If you’ve come from a software engineering (SE) background, then these benefits may be familiar to you. Version control, modularity, and reproducibility are the tenets of DevOps, and have benefited software development for years. Through dbt, you’re able to adapt them as part of a new practice of DataOps, and the pull request (PR) is at the center of the process.

Data Incidents still happen

Given the benefits that dbt brings, you’d be forgiven for thinking that the data problem was solved - That data was always accurate, and bad data was never merged into production. Unfortunately, due to the relative infancy of DataOps, that’s still not the case.
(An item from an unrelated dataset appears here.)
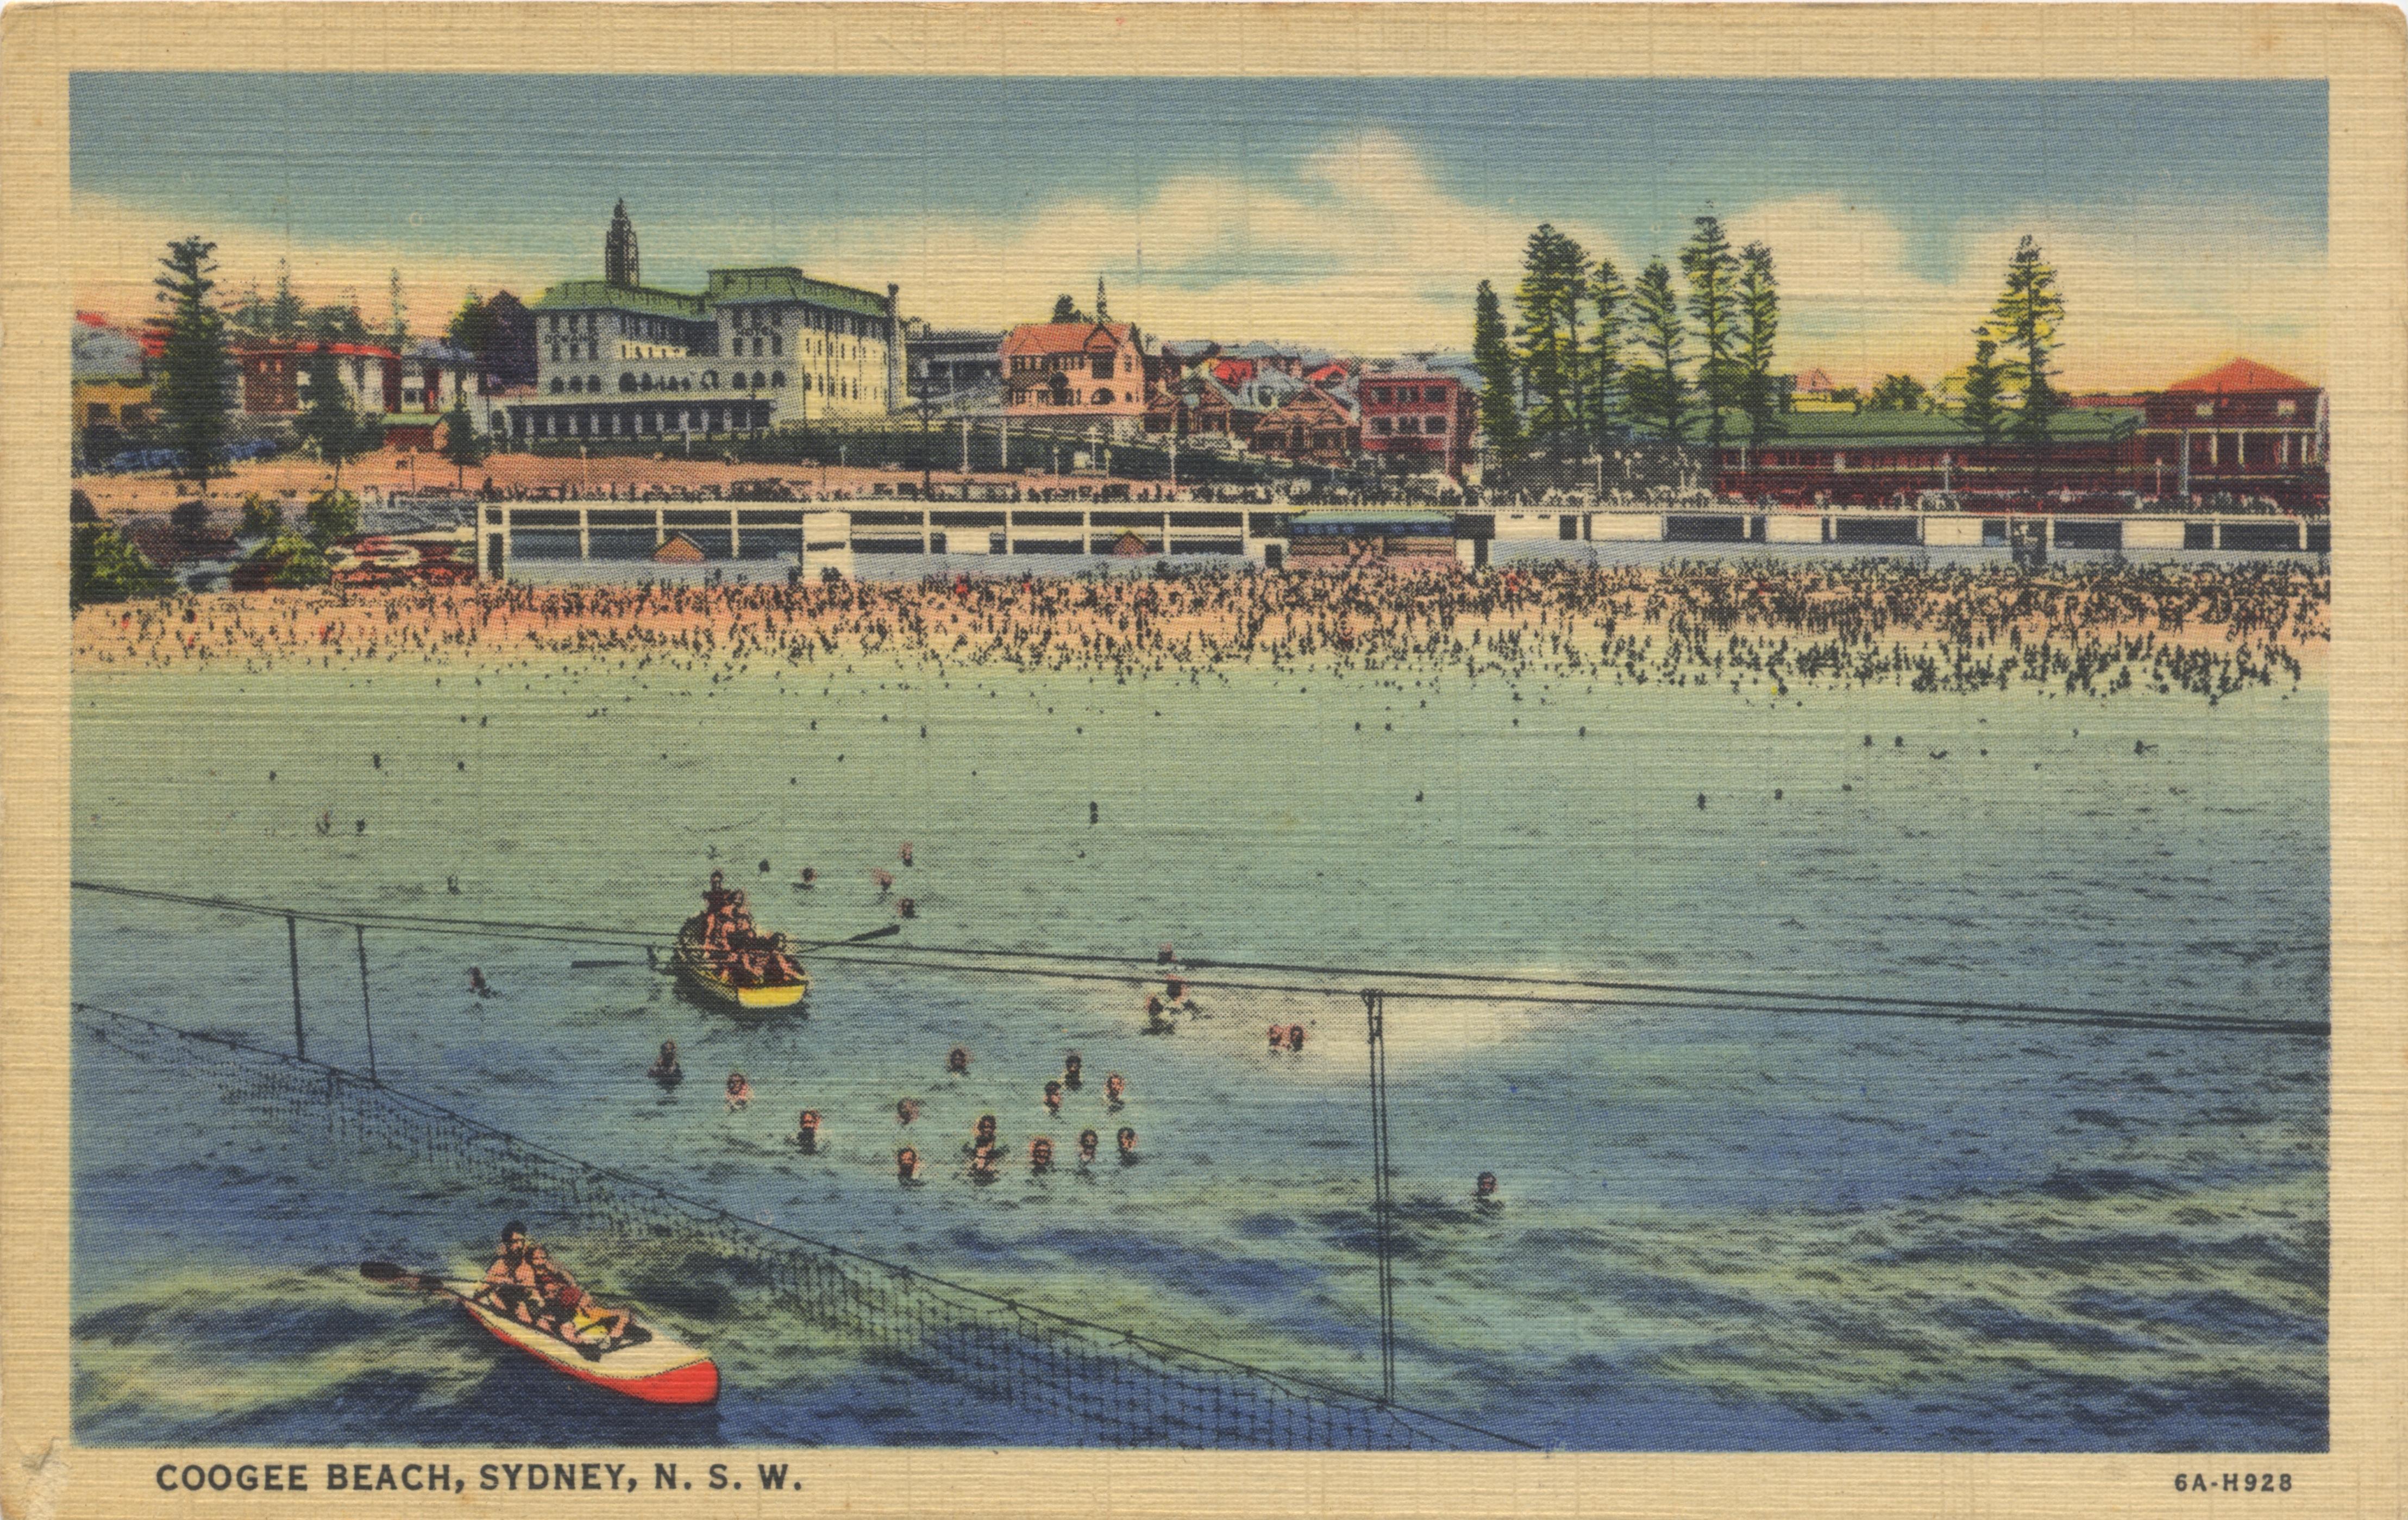 1. Coogee Beach, Sydney, NSW

Data incidents still happen.

As CL Kao, founder of Data Recce put it in a recent fireside chat with Noel Gomez of Datacoves:

“The construct that turned devops from a best practice into a viable, productionized, practice, is the pull request… preview, decide, deploy. (However) In data, we deploy, and then decide if we want to fix it later
- CL Kao, Data Productivity - Beyond DevOps and dbt

The “deploy and then fix it later” quote probably rings true for a lot of data teams that are working under tight deadlines, with many simultaneous PRs, and find it difficult to perform due diligence on every PR before merging.

Look ma, no guardrails!

The version controlled nature of dbt means that the code is easily reviewed, but what about the data? This is the unique challenge presented to data teams - how to best make use of the pull request stage to add guardrails to the PR review process to avoid merging bad data into production. It’s incredibly important, because the impact of bad data on business can be costly.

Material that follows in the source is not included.